In subsequent years, FOD continued to produce exclusive live-action adaptations, including a modern remake of the iconic 1991 romantic drama Tokyo Love Story (2020). Recently, the service has found notable success in producing Boys' Love (BL) adaptations and romantic comedies, such as the hit 2024 drama Perfect Propose. Adapting to modern viewing habits, Fuji TV expanded the platform's ecosystem with the launch of FOD SHORT in late 2024, a dedicated section for vertical, bite-sized live-action dramas optimized for smartphone consumption. Additionally, FOD produces exclusive content featuring Fuji TV's own roster of news anchors and announcers under the FOD Anamaga banner.

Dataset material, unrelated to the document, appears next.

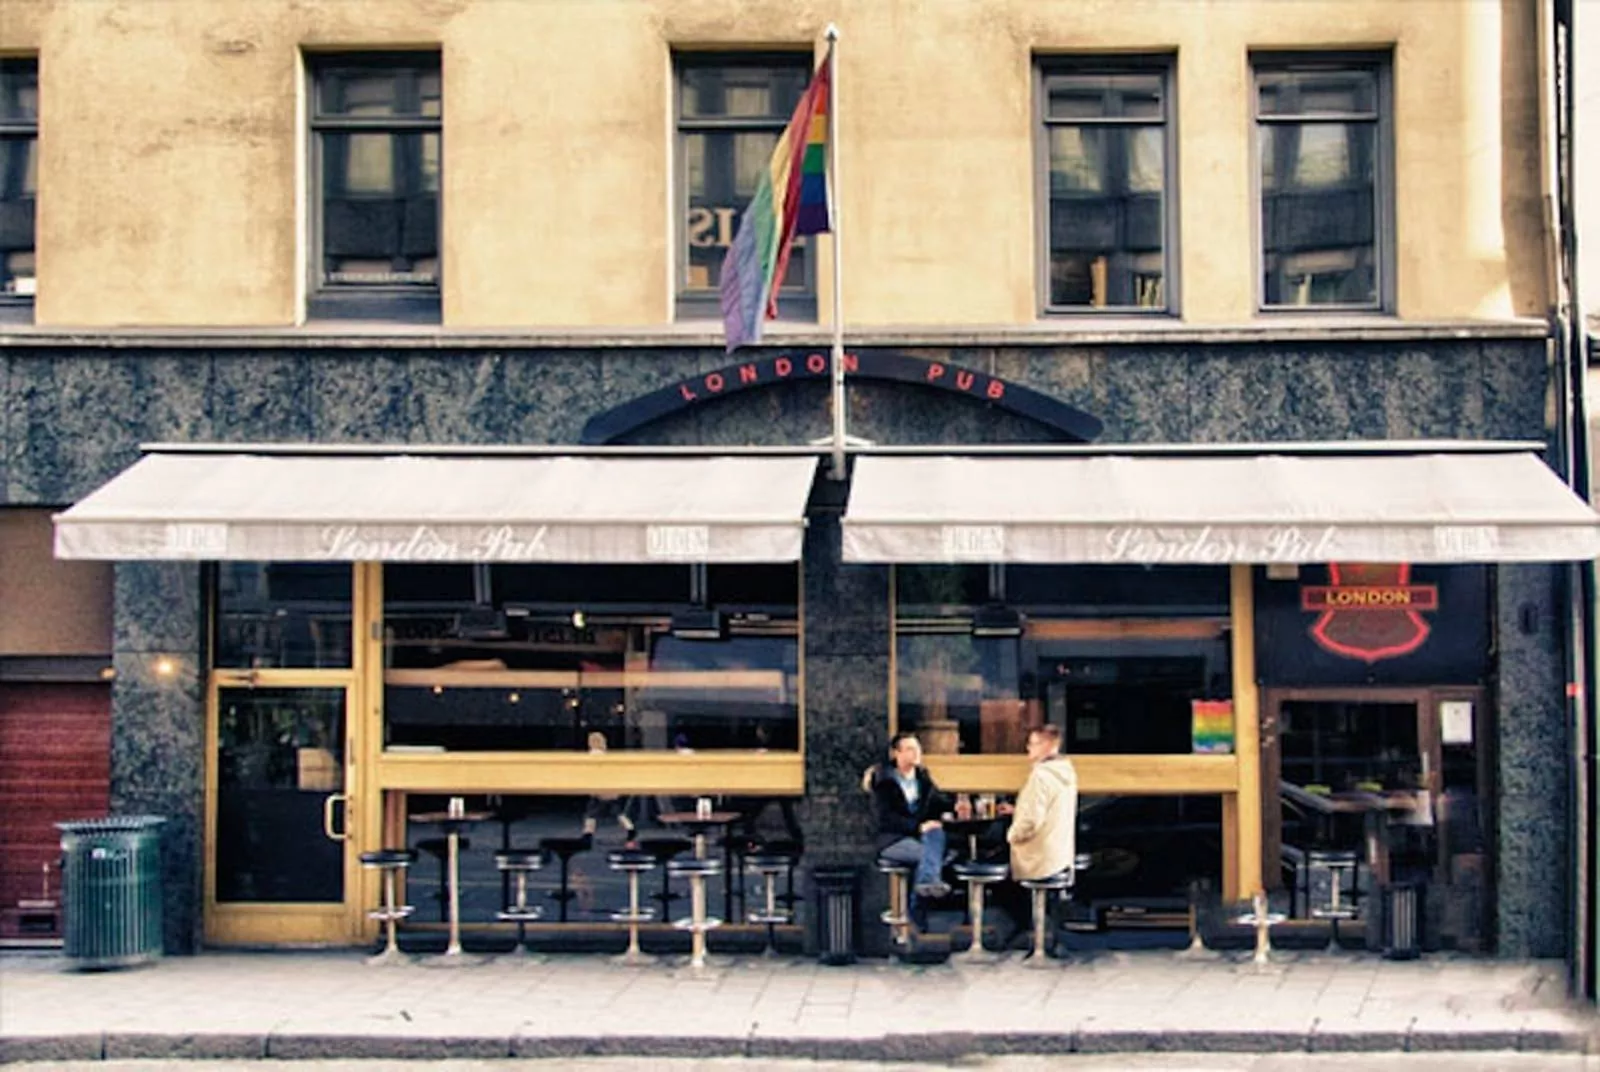 London Pub in Norway, Europe | LGBT-Friendly Places,Bars - Rated 0.8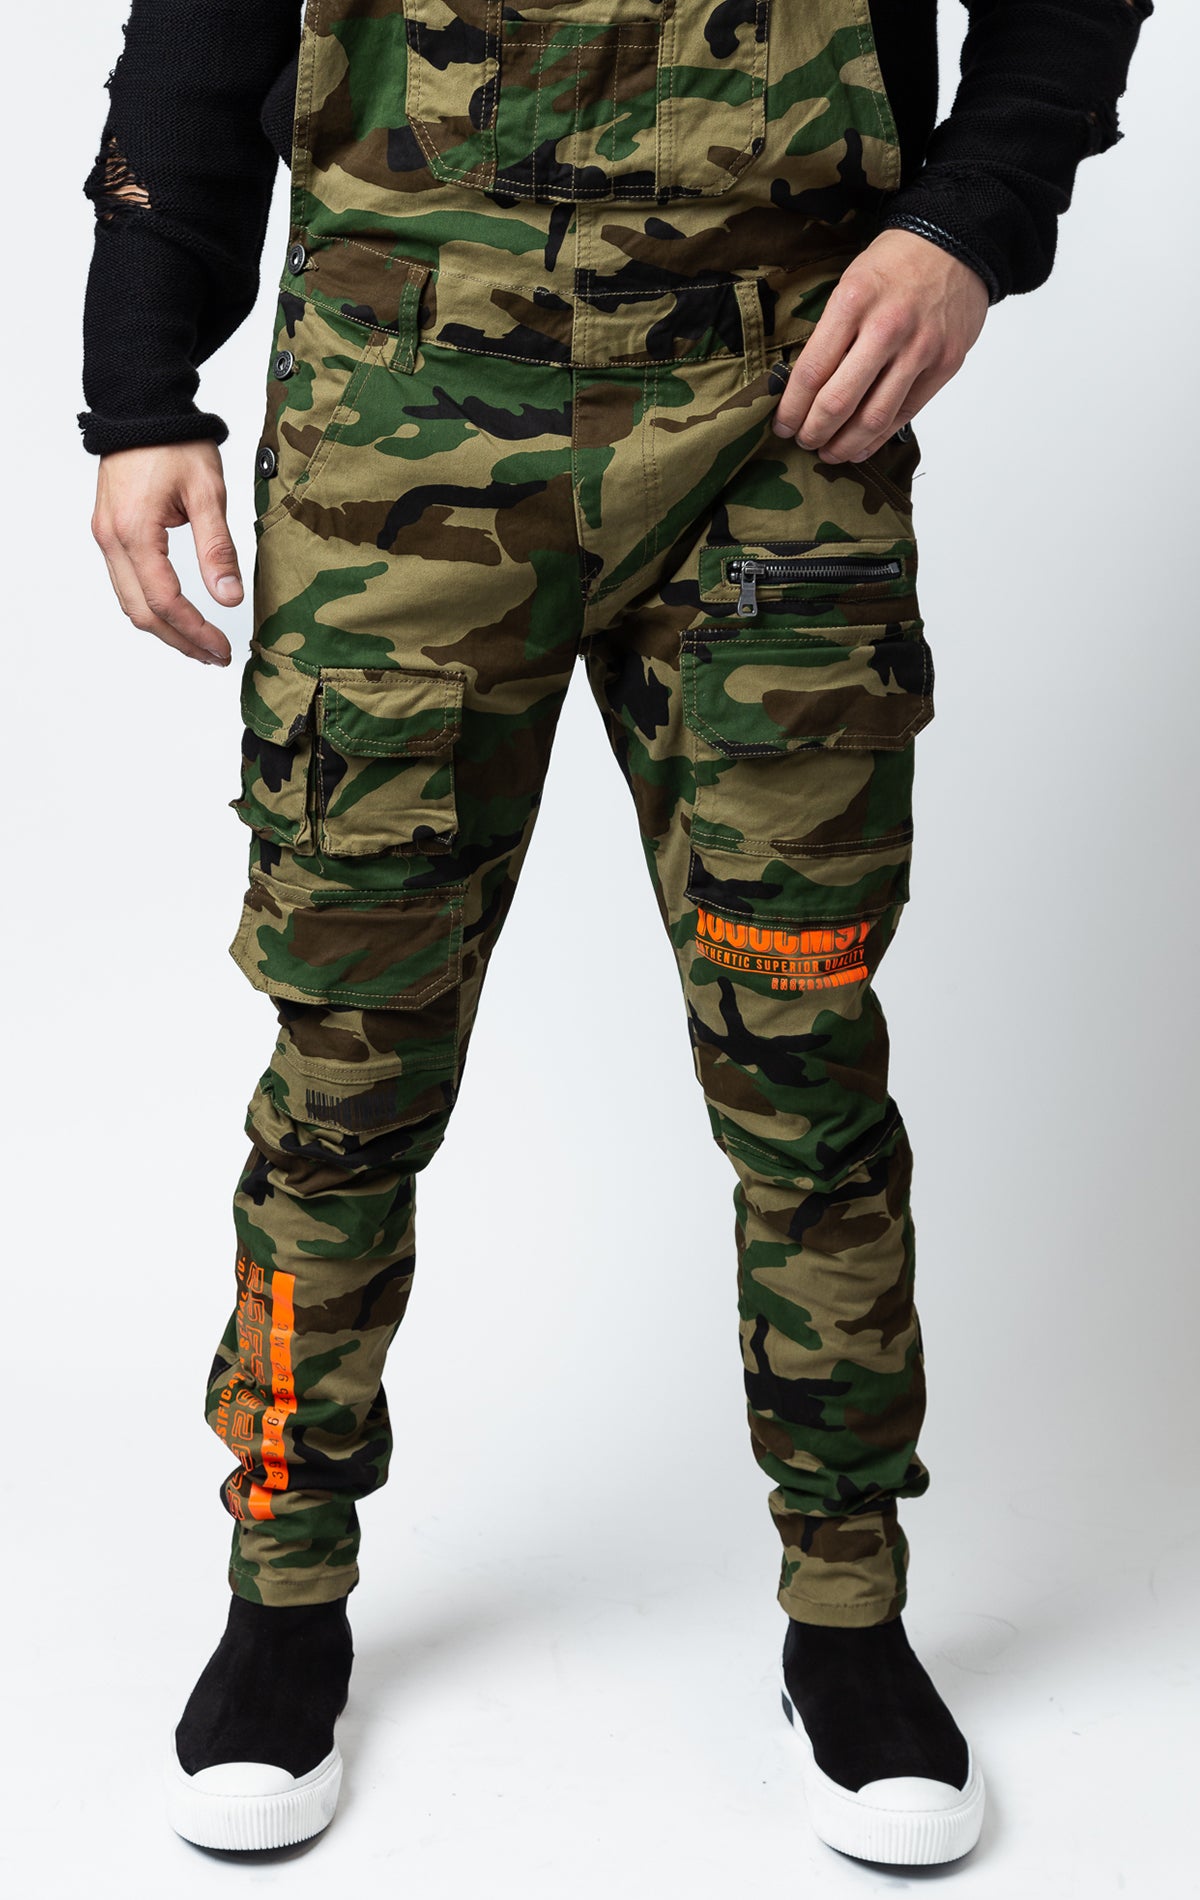 Camo Cotton twill overalls with cargo pockets and adjustable shoulder straps.

=== Sports broadcasting ===
Live sports streaming is a major pillar of FOD Premium's programming. The platform provides extensive coverage of professional domestic baseball, holding the streaming rights to all home games of Tokyo Yakult Swallows and Yokohama DeNA BayStars, alongside domestic soccer tournaments like the J.League YBC Levain Cup.

It is also recognized as a primary broadcaster for winter sports, particularly figure skating in Japan. The service provides extensive, unedited live streams of major domestic and international competitions, including the World Figure Skating Championships and the All Japan Figure Skating Championships. Motorsports represents another cornerstone of the catalog; beginning in 2026, Fuji TV secured an exclusive five-year all-rights agreement for Formula One in Japan, providing live coverage of all sessions across the racing calendar through a direct partnership with F1 TV.

=== Anime ===
Leveraging Fuji TV's long history of animation broadcasting, FOD maintains a robust anime library. The platform integrates long-running national franchises like Dragon Ball, One Piece, and Sazae-san into its on-demand catalog.

The service is tightly integrated with the network's Noitamina and +Ultra late-night programming blocks, frequently securing exclusive streaming rights or early distribution windows for highly anticipated series. Notable exclusive titles have included Keep Your Hands Off Eizouken!, Akudama Drive, and the third season of Golden Kamuy. A significant draw for the service is its dedicated Unlimited Anime tier, which offers thousands of episodes encompassing both classic properties and current simulcasts from Fuji TV and third-party networks, including popular franchises like Psycho-Pass.

=== Digital publishing ===
A unique distinguishing feature of FOD compared to traditional SVOD platforms is its integrated digital publishing service. The platform offers an extensive digital bookstore featuring over 150,000 manga volumes and electronic novels across 40,000 titles, supported by an offline reading application called FOD Manga.

This ecosystem is designed to create media synergy; users can seamlessly purchase and read the original manga or novel source material of a live-action drama or anime series they are currently watching on the same platform. Notably, Fuji TV utilizes FOD as an IP incubator; original manga titles published digitally on the platform have been subsequently adapted into live-action dramas exclusively for the streaming service. Furthermore, FOD provides premium subscribers with an "all-you-can-read" digital magazine service granting unlimited access to over 100 popular Japanese lifestyle, fashion, and weekly publications.